The structural and crystallographic characterization of the nanocrystals in the SL was performed by high-resolution transmission electron microscopy (HRTEM), transmission electron diffraction (TED), and grazing incidence X-ray diffraction (GIXRD). Raman spectroscopy was used to analyze the crystal volume fractions, and chemical bonding configurations were studied with Fourier transform infrared (FTIR) spectroscopy and X-ray photoemission spectroscopy (XPS). Photoluminescence (PL) characteristics were studied with an Ar+ laser (λ = 488 nm) excitation source within the temperature range from 5 K to room temperature. Optical transmission and reflection measurements within the wavelength range between 300 and 1,800 nm were performed with an ultraviolet-visible-near infrared spectrophotometer, and optical bandgaps were determined from the Tauc plot.
Results and discussion
To confirm the thickness and nanocrystal formation upon annealing, TEM analysis was performed using the SL samples with various annealing conditions. Figure 2a shows the as-deposited SL, where dark layers represent SSC and bright layers represent SRSC [15]. Thirty-six periods are clearly observed, and the thicknesses of SSC and SRSC layers were found to be 1 nm and 4 nm as expected. Figure 2b,c,d,e shows the HRTEM and TED images of the as-deposited SL and SLs annealed at 800°C, 900°C, and 1,000°C. There is no indication of nc-Si in the image of the as-deposited sample, while we can find some lattice fringes of nc-Si from the images of the annealed samples. Areal densities and average lateral sizes of nc-Si within SRSC layers were estimated by observing TEM images from several different locations in the sample. As the annealing temperature increases, the density of nc-Si increases, while the average sizes of nc-Si decrease. The estimated areal density and the average sizes are as follows: 2.4 × 108 cm−2, 16 nm in the 800°C annealed sample; 2.9 × 1010 cm−2, 8 nm in the 900°C annealed sample; and 3.8 × 1011 cm−2, 5 nm in the 1,000°C annealed sample. The heights of the nanocrystallites were all less than 4 nm, which is the thickness of the SRSC layers. Accordingly, the shapes of the nanocrystallites were ellipsoids with a long axis on the horizontal direction with an annealing temperature of 800°C, and it becomes more spherical; the lateral size is decreased as the annealing temperature is increased.
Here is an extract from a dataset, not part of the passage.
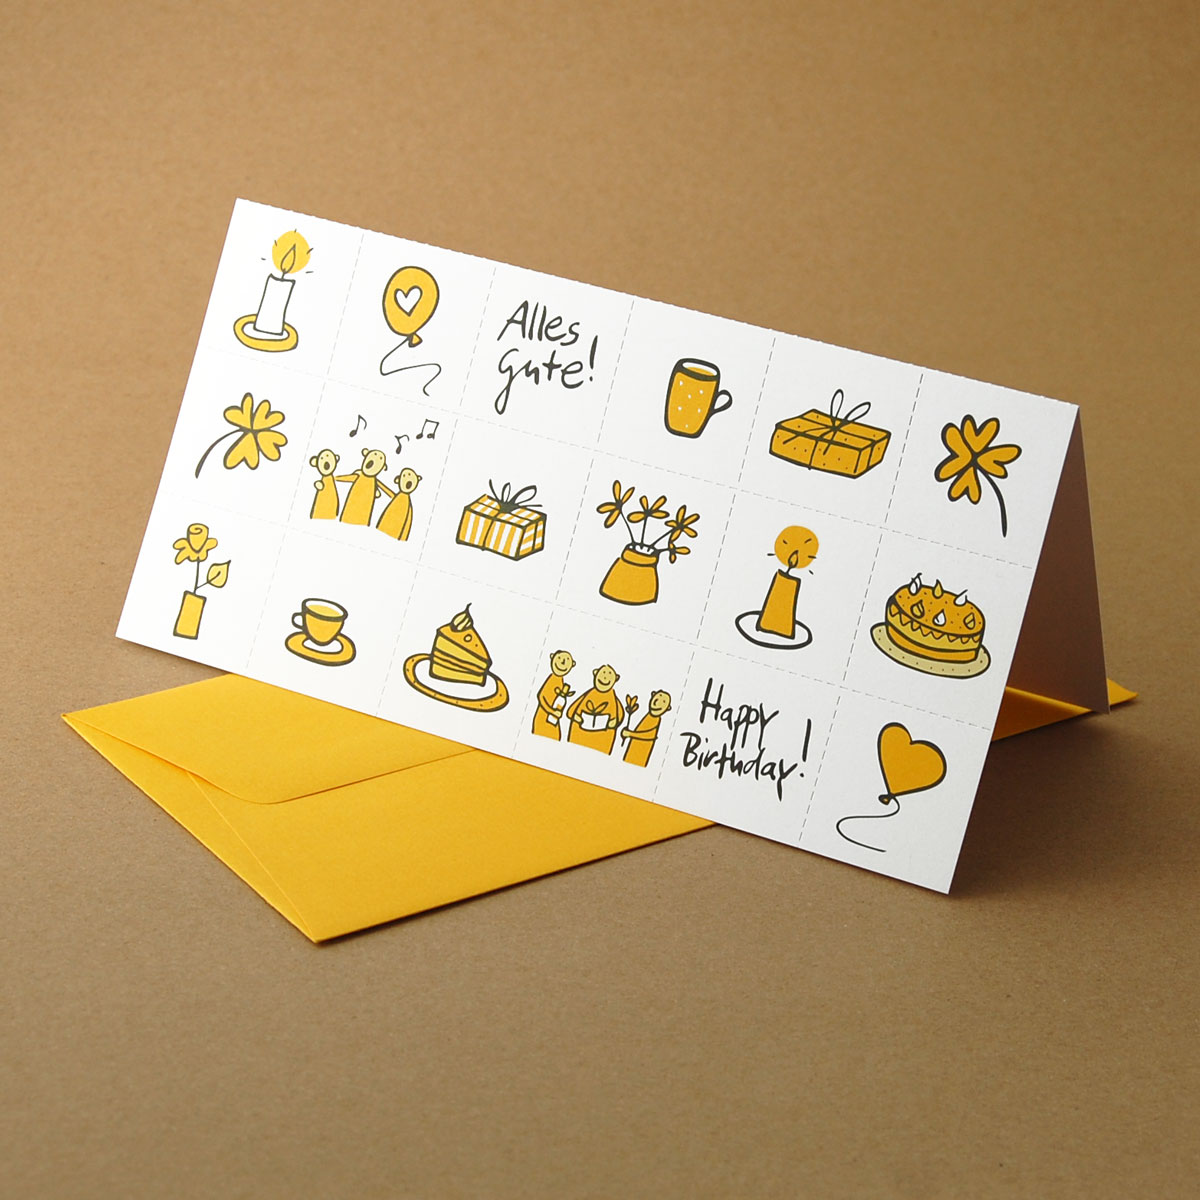 Happy Birthday! Alles Gute! gelbe Glückwunschkarten mit gelben Umschlägen

While thermal annealing induces the growth of nanocrystallites in SiO x or SiN x [1, 2], the average size of the nanocrystallites in SiC x decreases as the annealing temperature increases. This can be understood by the increase of Si-C bonds and breakage of Si-Si bonds as the annealing temperature increases, which was also pointed out previously [14]. Moreover, it was reported that when x in SiC x is smaller than 0.2, only Si nanocrystals are observed; however, when x is larger than 0.2, both Si and SiC crystals are observed [16]. GIXRD spectra shown in Figure 3 confirm the annealing temperature-dependent nanocrystal formation. Crystal peaks are more pronounced for SRSC than for SL especially at low annealing temperatures, which are due to the larger probability of Si-Si bond formation for SRSC compared to SL. The formation of β-SiC is clearly shown in Figure 3a; however, β-SiC is not formed in SRSC (see Figure 3b) and SSC (not shown) even at the annealing temperature of 1,000°C. The case of SRSC is consistent with the above-mentioned prior work [16], and this may be due to the limited supply of carbon atoms for the growth of β-SiC nanocrystallites. For the case of SSC, considering that the crystallization temperature of SiC is higher than 1,000°C [19], it is reasonable that the SSC layer remains as an amorphous phase after annealing at 1,000°C. This observation states that the activation energy of β-SiC formation in amorphous SiC may be reduced with a lot of Si-Si bond-forming reactions.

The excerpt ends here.